The immunogenicity of a viral cytotoxic T cell epitope is controlled by its MHC-bound conformation - PubMed (original) (raw)

. 2005 Nov 7;202(9):1249-60.

doi: 10.1084/jem.20050864.

Diah Elhassen, Anthony W Purcell, Jacqueline M Burrows, Natalie A Borg, John J Miles, Nicholas A Williamson, Kate J Green, Judy Tellam, Lars Kjer-Nielsen, James McCluskey, Jamie Rossjohn, Scott R Burrows

Affiliations

• PMID: 16275762
• PMCID: PMC2213230
• DOI: 10.1084/jem.20050864

The immunogenicity of a viral cytotoxic T cell epitope is controlled by its MHC-bound conformation

Fleur E Tynan et al. J Exp Med. 2005.

Abstract

Thousands of potentially antigenic peptides are encoded by an infecting pathogen; however, only a small proportion induce measurable CD8(+) T cell responses. To investigate the factors that control peptide immunogenicity, we have examined the cytotoxic T lymphocyte (CTL) response to a previously undefined epitope ((77)APQPAPENAY(86)) from the BZLF1 protein of Epstein-Barr virus (EBV).
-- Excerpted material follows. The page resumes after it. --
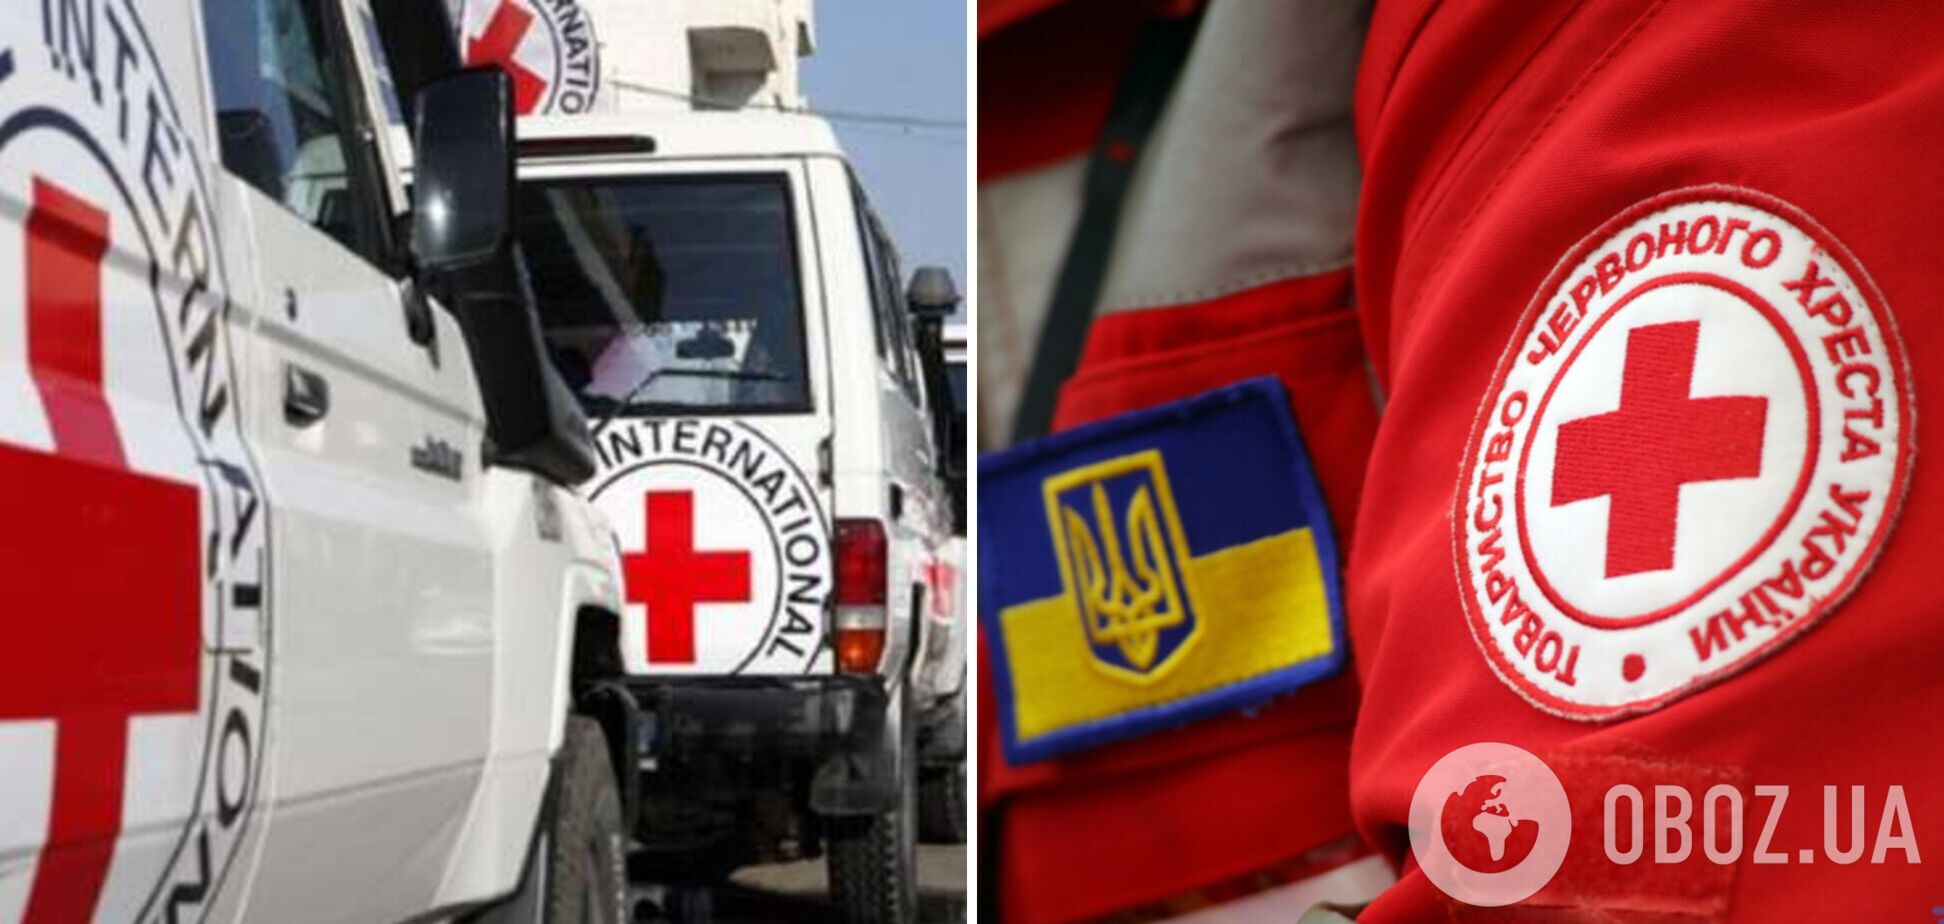 Отделение Красного Креста в Донецкой области подверглось удару. Фото

This peptide binds well to two human histocompatibility leukocyte antigen (HLA) allotypes, HLA-B*3501 and HLA-B*3508, which differ by a single amino acid at position 156 ((156)Leucine vs. (156)Arginine, respectively). Surprisingly, only individuals expressing HLA-B*3508 show evidence of a CTL response to the (77)APQPAPENAY(86) epitope even though EBV-infected cells expressing HLA-B*3501 process and present similar amounts of peptide for CTL recognition, suggesting that factors other than peptide presentation levels are influencing immunogenicity. Functional and structural analysis revealed marked conformational differences in the peptide, when bound to each HLA-B35 allotype, that are dictated by the polymorphic HLA residue 156 and that directly affected T cell receptor recognition. These data indicate that the immunogenicity of an antigenic peptide is influenced not only by how well the peptide binds to major histocompatibility complex (MHC) molecules but also by its bound conformation. It also illustrates a novel mechanism through which MHC polymorphism can further diversify the immune response to infecting pathogens.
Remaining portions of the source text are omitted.